Centrifuge Index creation issue

0

Entering edit mode

8 months ago

skbrimer ▴ 740

Greetings Hive mind!

I'm trying to build a newer index for Centrifuge (the downloadable one is out of date by 4 years) and I'm running into a memory issue. The input file for the complete archea, bacterial, and viral refseq index is 171GB which means I would need like... 600 -700 GB of RAM to index. Currently I do not have access to a cloud solution (i.e. EC2). Since I do not have the needed RAM, I decided to chunk out the input file in to smaller files with at most 1000 fastas each.

My question is, if I run all the individual chucks and create all the FM Index files, can I combine them into just the 4 expected files? If I understand correctly the FM index would concatenate all the seqs as one seq and then index it.
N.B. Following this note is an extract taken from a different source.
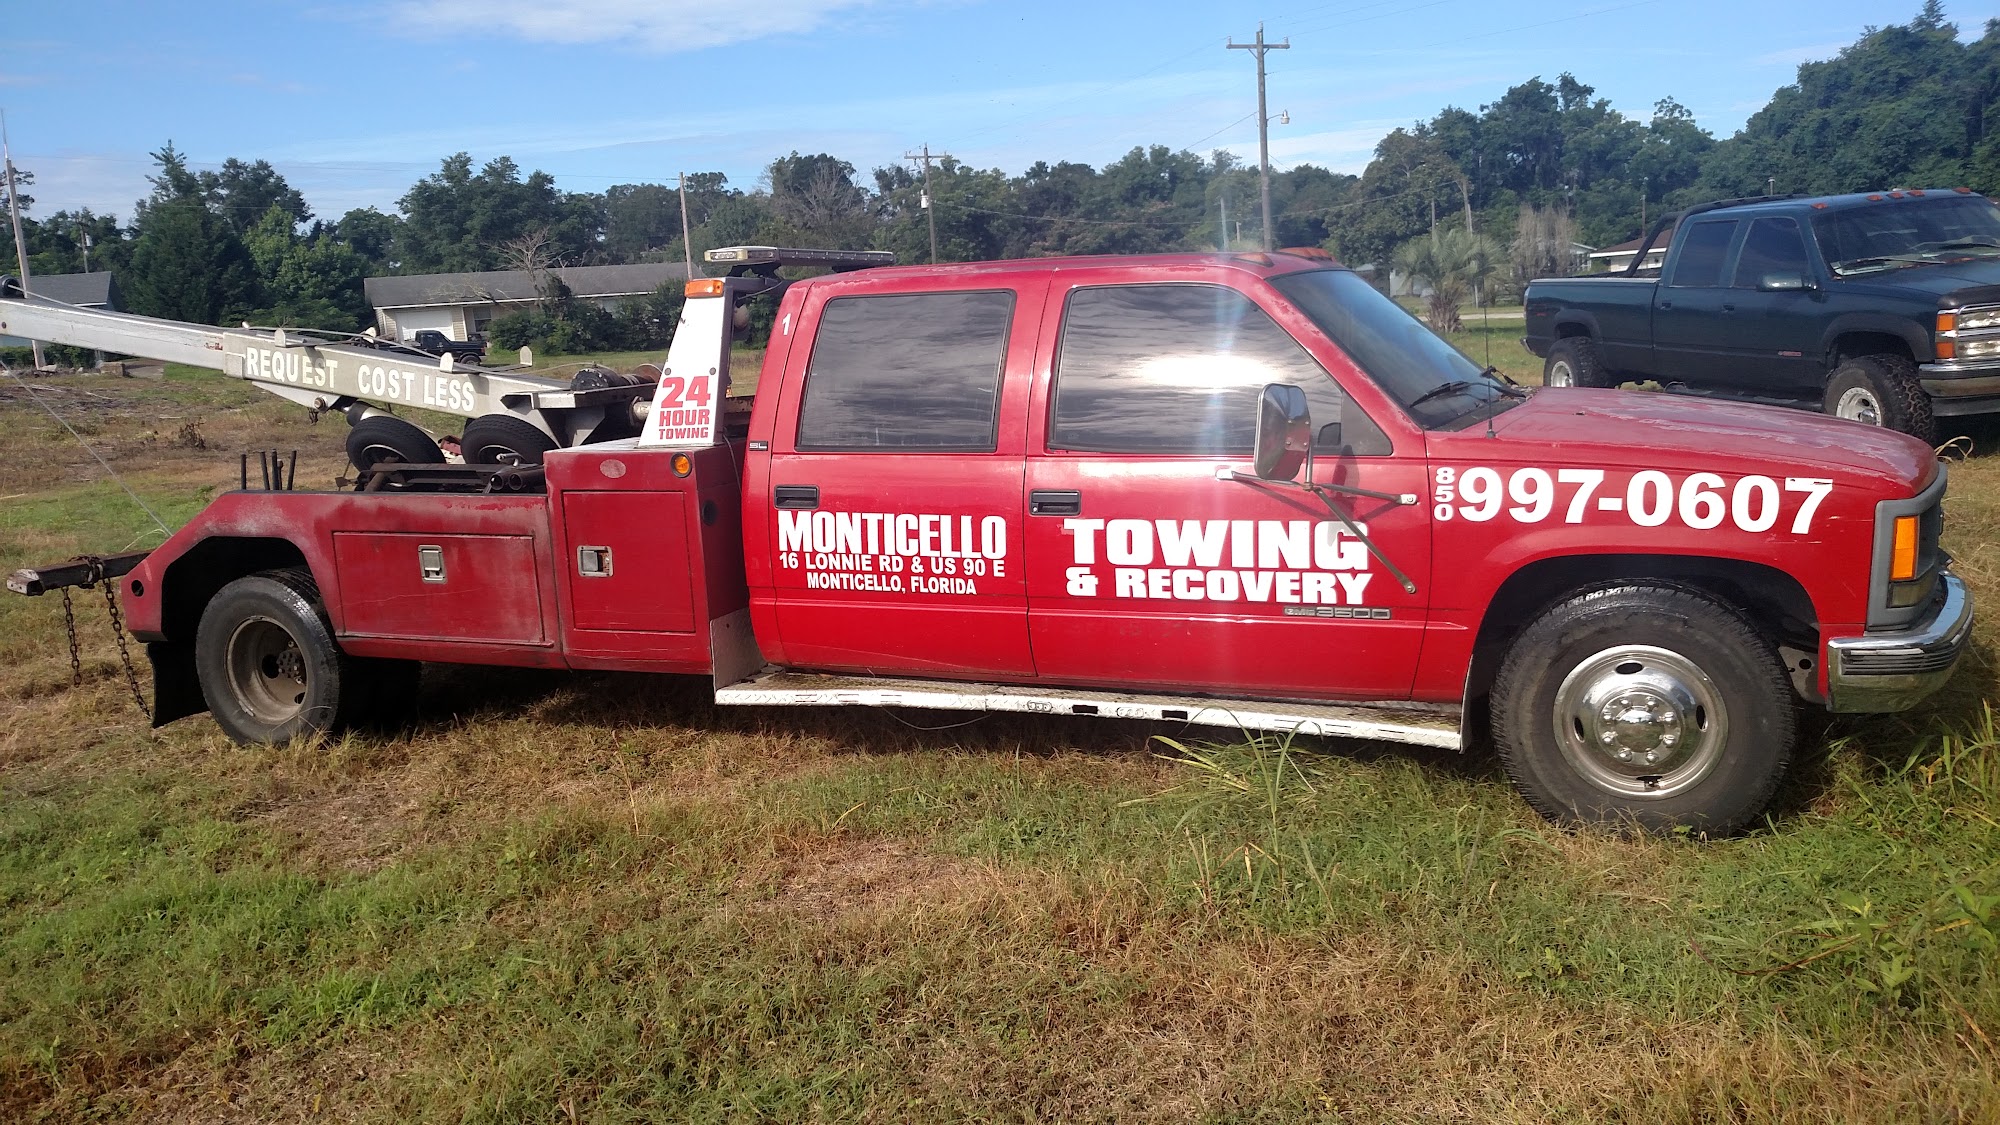 Monticello Towing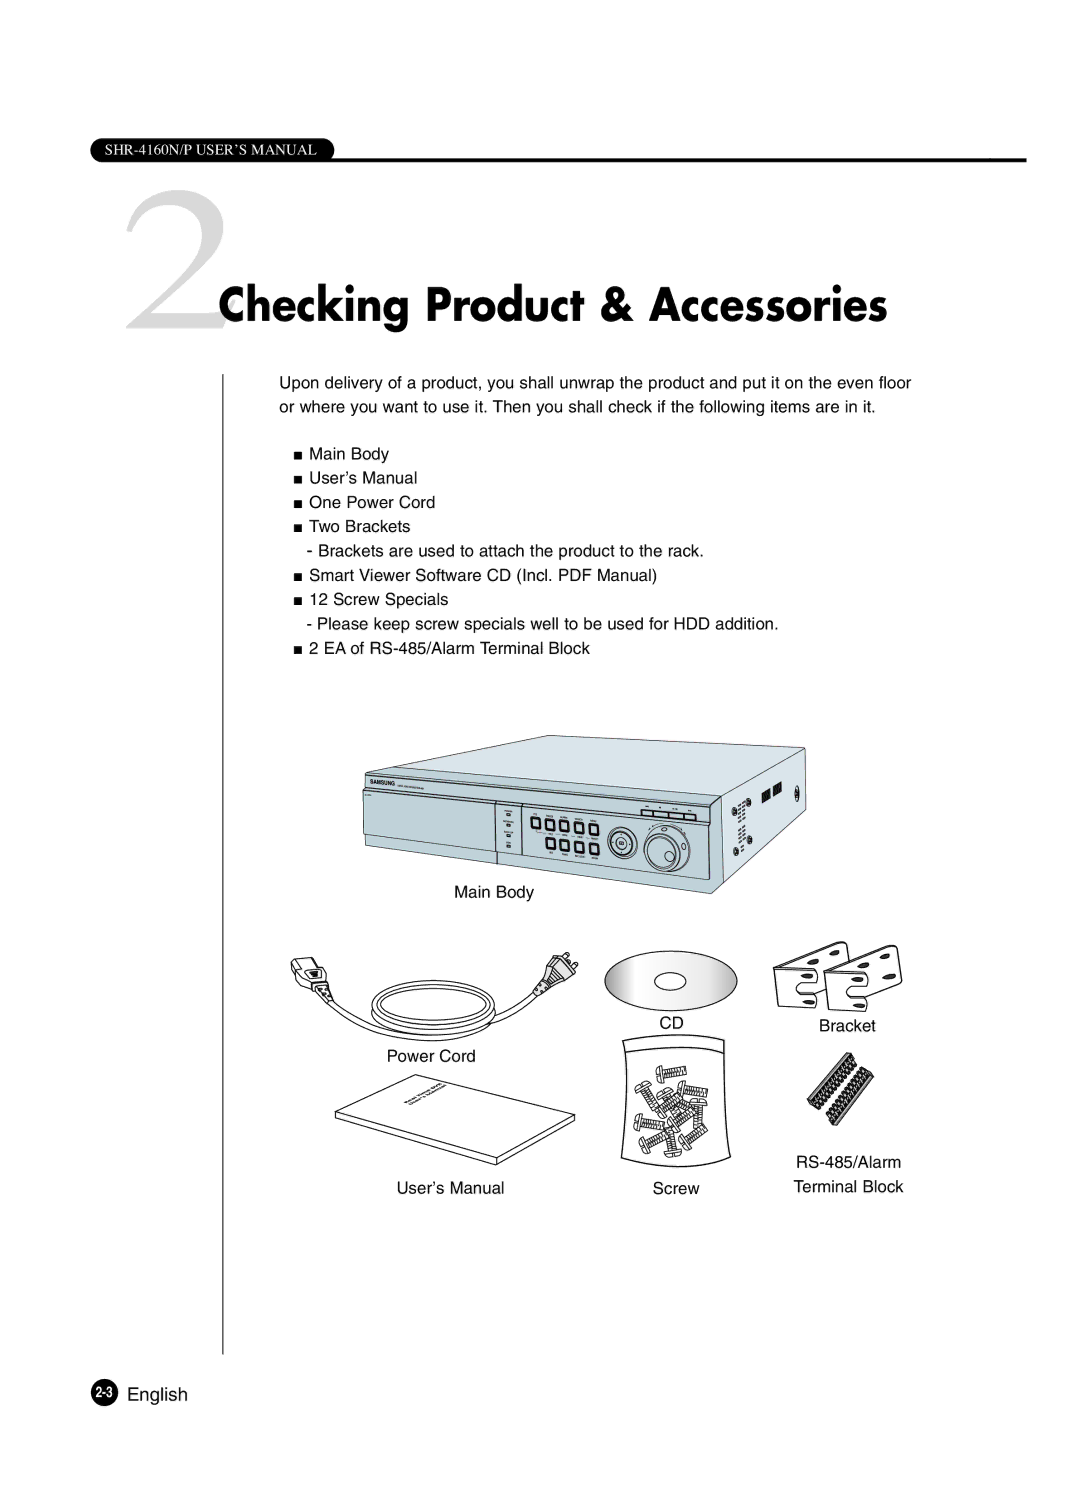 Samsung SHR-4160P manual 2Checking Product & Accessories, 3English

So I'm not sure if I combine multiple indexes it will still work.

I tried to feed the small chunks to centrifuge using a quick bash loop, but it overwrites the previous index when I try that way.

Any thoughts on this process will be greatly appricated.

Thank you, Sean

EDIT 19AUG24 Code used I used, in an attempt to feed Centrifuge chunks of the reference file.

for i in group*.fa do; centrifuge-build -p4 --conversion-tabel seqid2taxid.map \
                                                          --taxonomy-tree taxonomy/nodes.dmp \
                                                          --name-table taxonomy/names.names.dmp \
                                                          $i abv; done

metagenomics centrifuge • 986 views

ADD COMMENT • link 8 months ago by skbrimer ▴ 740

0

Entering edit mode

please post the script code so that other users can help and debug it

ADD REPLY • link 8 months ago by 1769mkc ★ 1.3k

0

Entering edit mode

Hi, thank you for reading this and replying. I understand why my code was not working how I had hoped. My question is more on if I make an index from all the groups and then concatenate them together would it still work?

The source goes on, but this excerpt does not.